> _WORK ITEM_
The listing below has to be output exactly as given, less its pictures.

> _SOURCE MATERIAL_
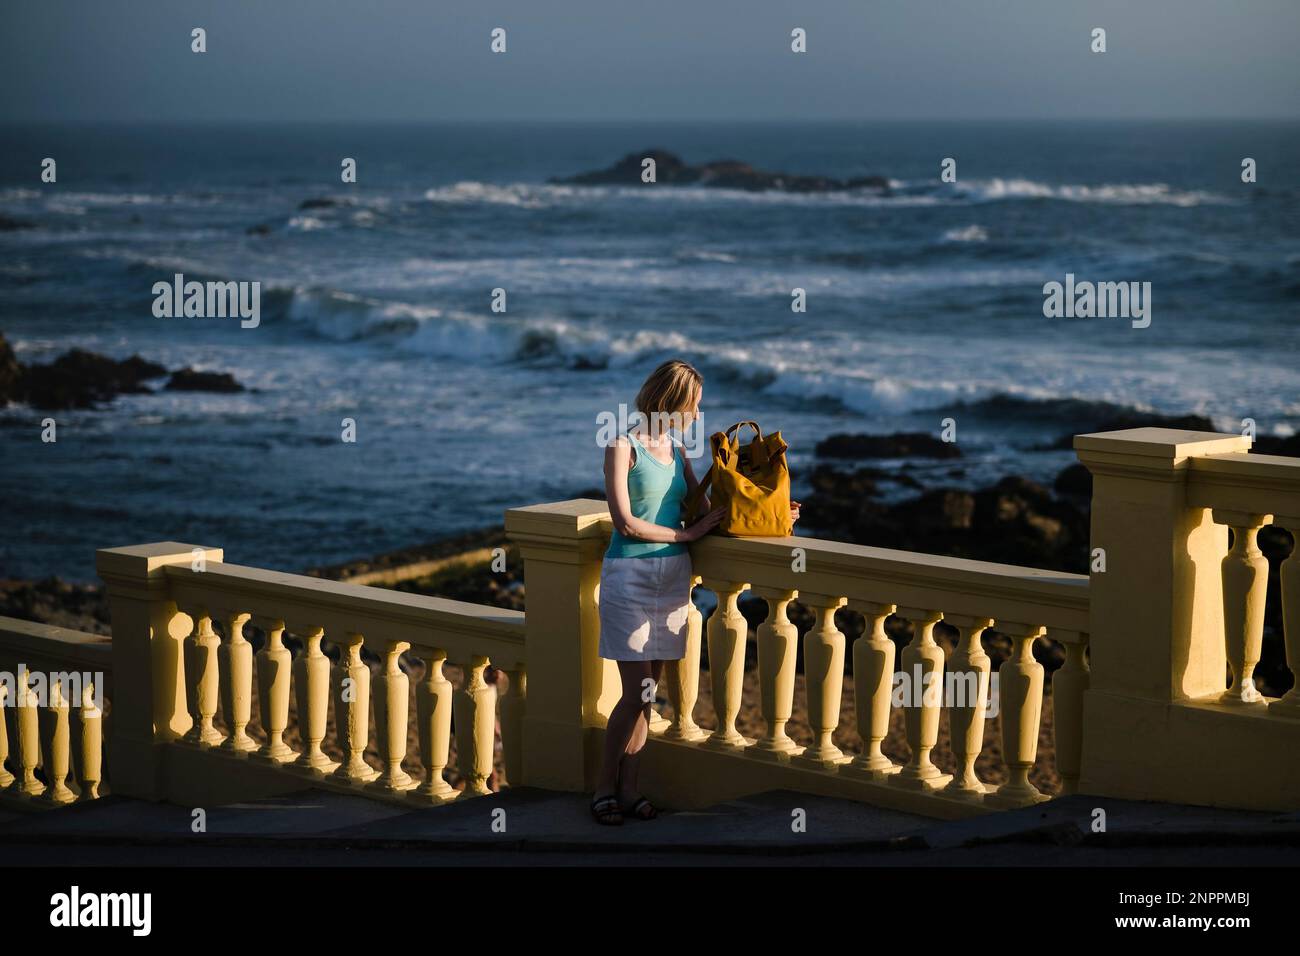 Una donna con uno zaino giallo si trova sul lungomare Atlantico, Porto, Portogallo. Foto Stock
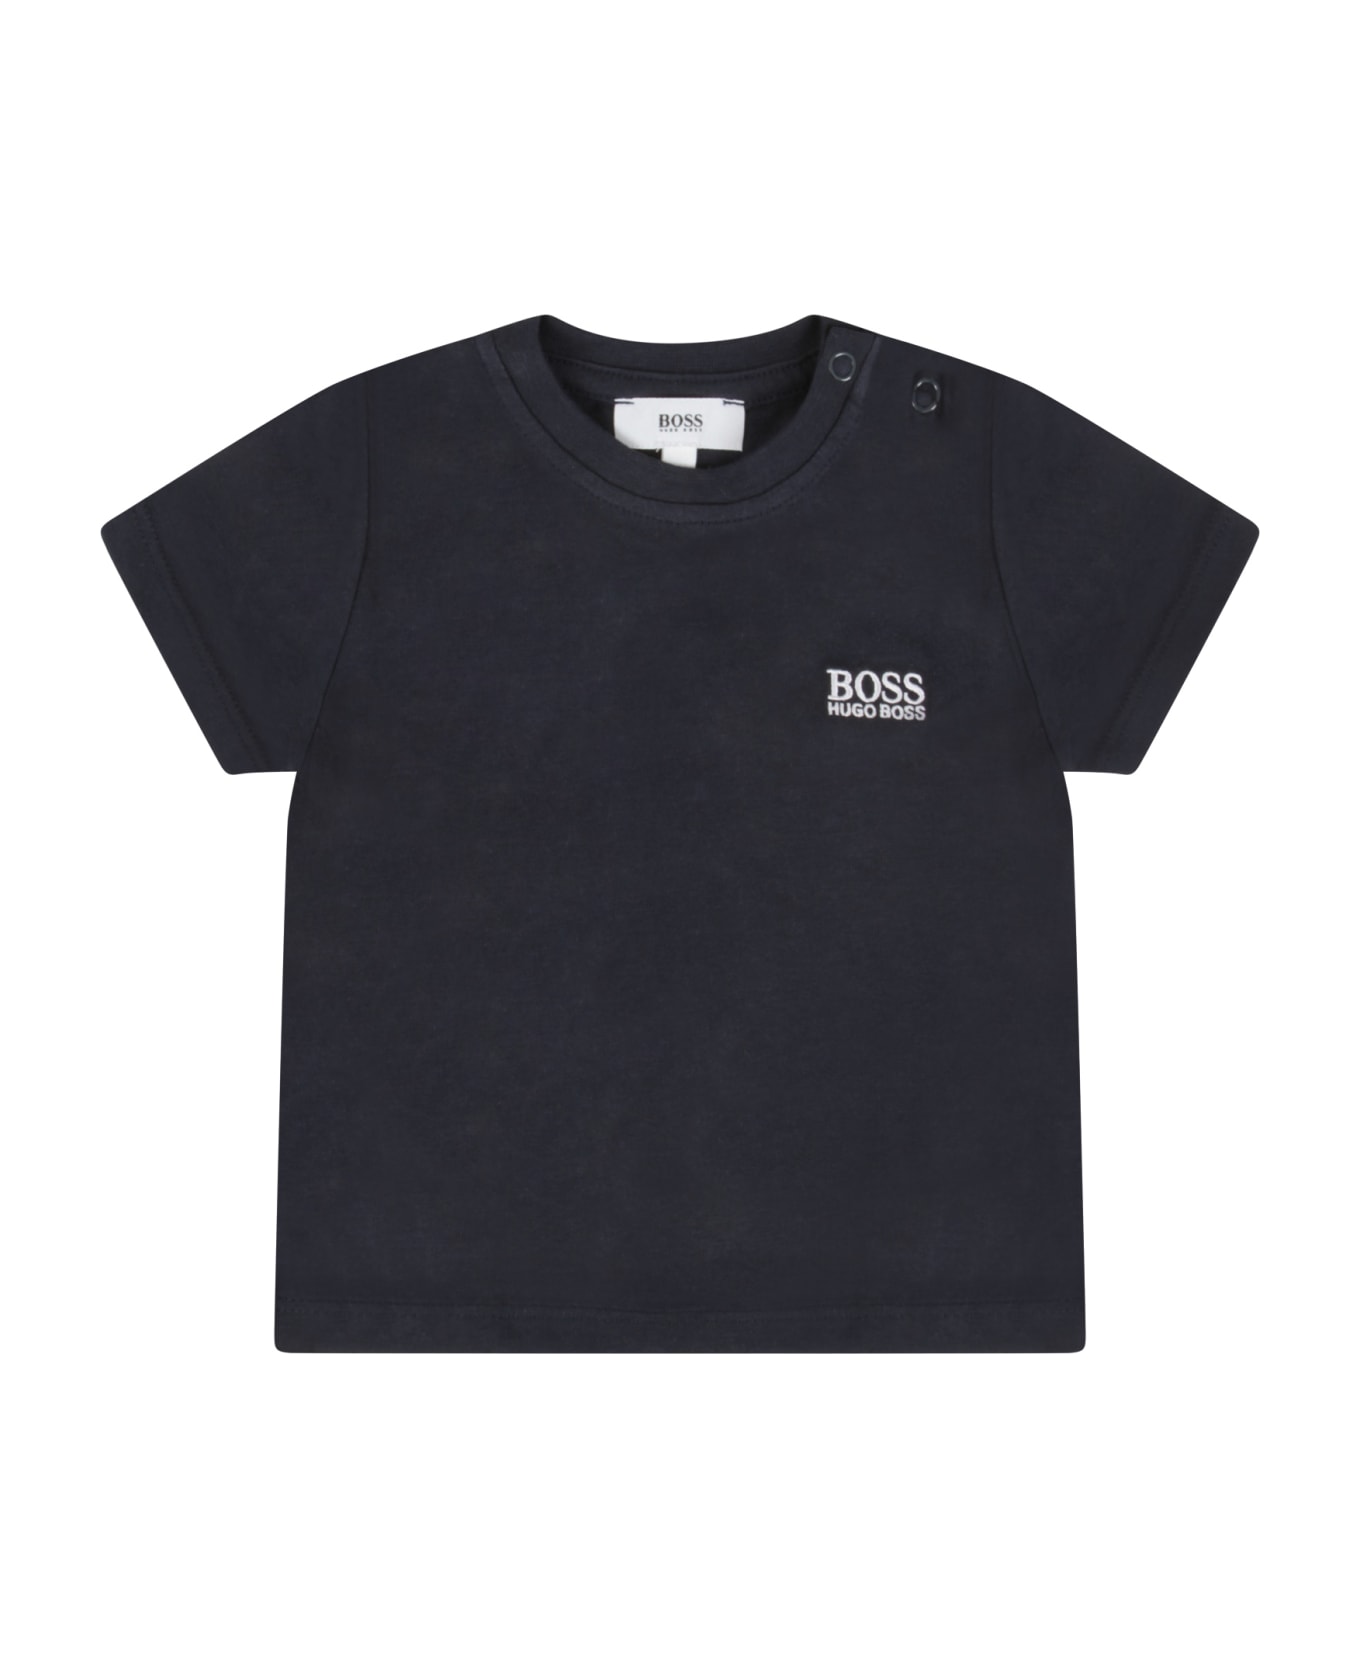 Hugo Boss Blue T-shirt For Baby Boy With White Stradivarius - Blue
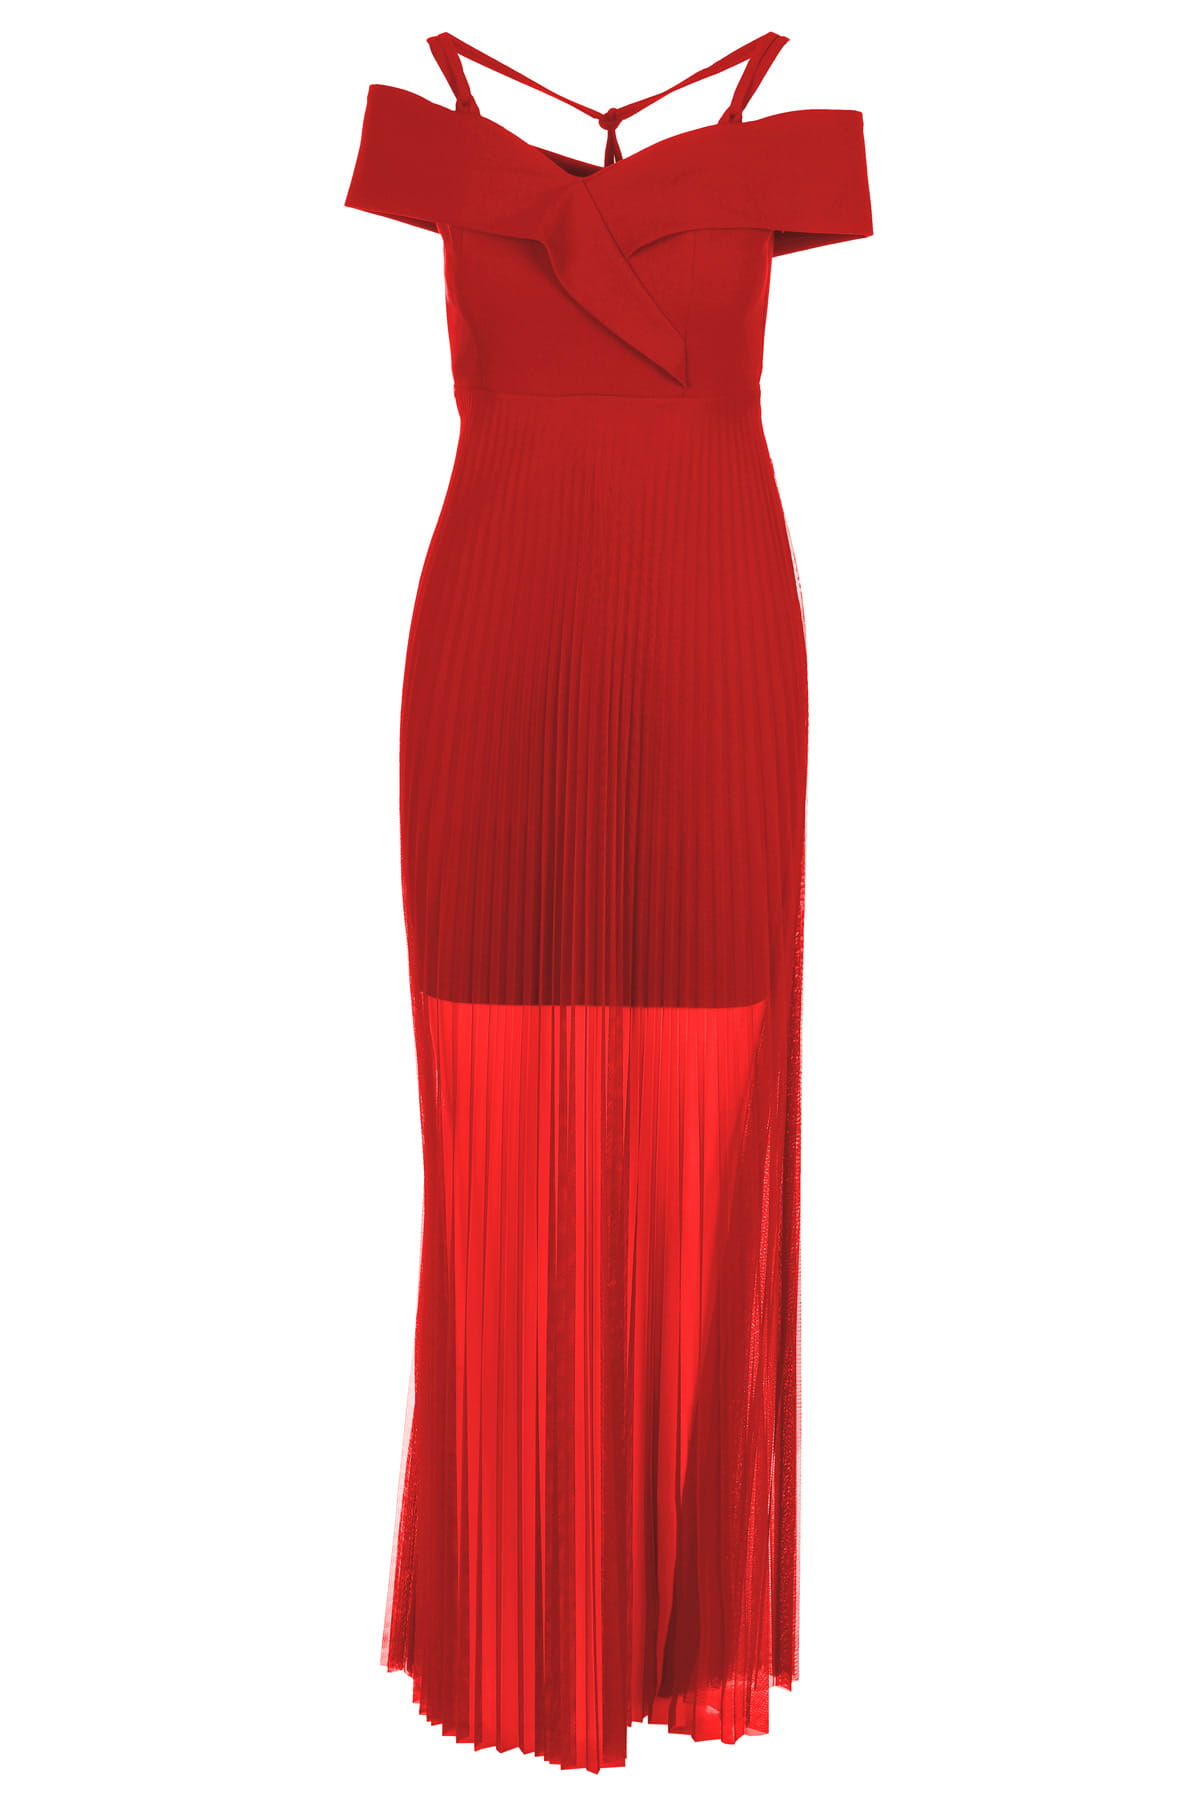 Sukienka na ramiączka, maxi, plisowana, czerwona
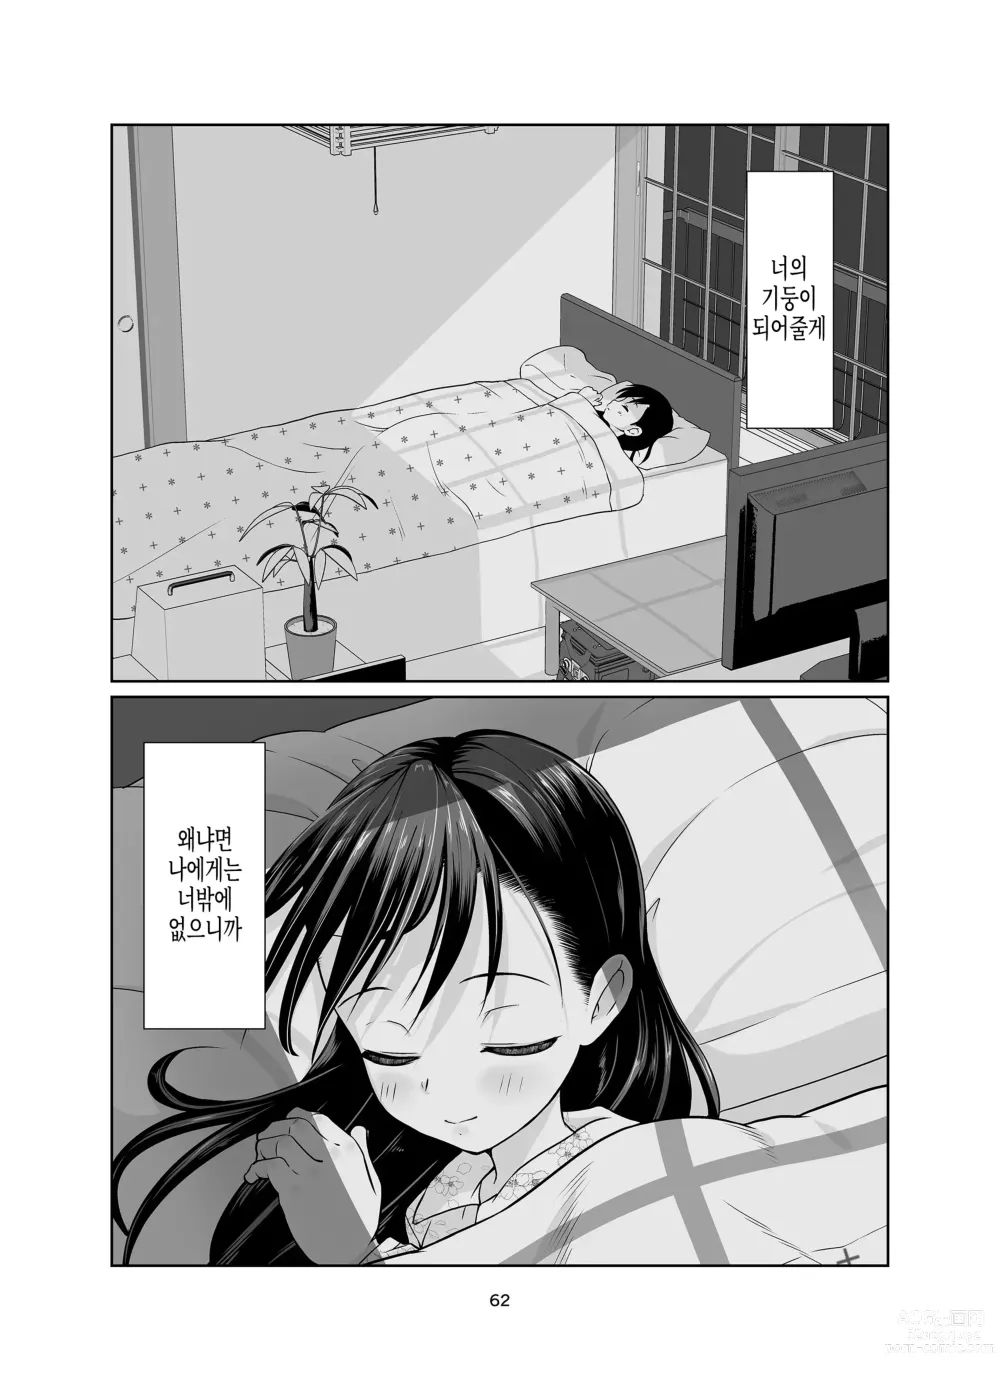 Page 62 of doujinshi Kenryoku Kakusa Lovers Lolicon no Koibito ni Natta 9-saiji

> _ANSWER TO THIS EXERCISE_
 Una donna con uno zaino giallo si trova sul lungomare Atlantico, Porto, Portogallo. Foto Stock
 Hugo Boss Blue T-shirt For Baby Boy With White Stradivarius - Blue
 Sukienka na ramiączka, maxi, plisowana, czerwona
 Page 62 of doujinshi Kenryoku Kakusa Lovers Lolicon no Koibito ni Natta 9-saiji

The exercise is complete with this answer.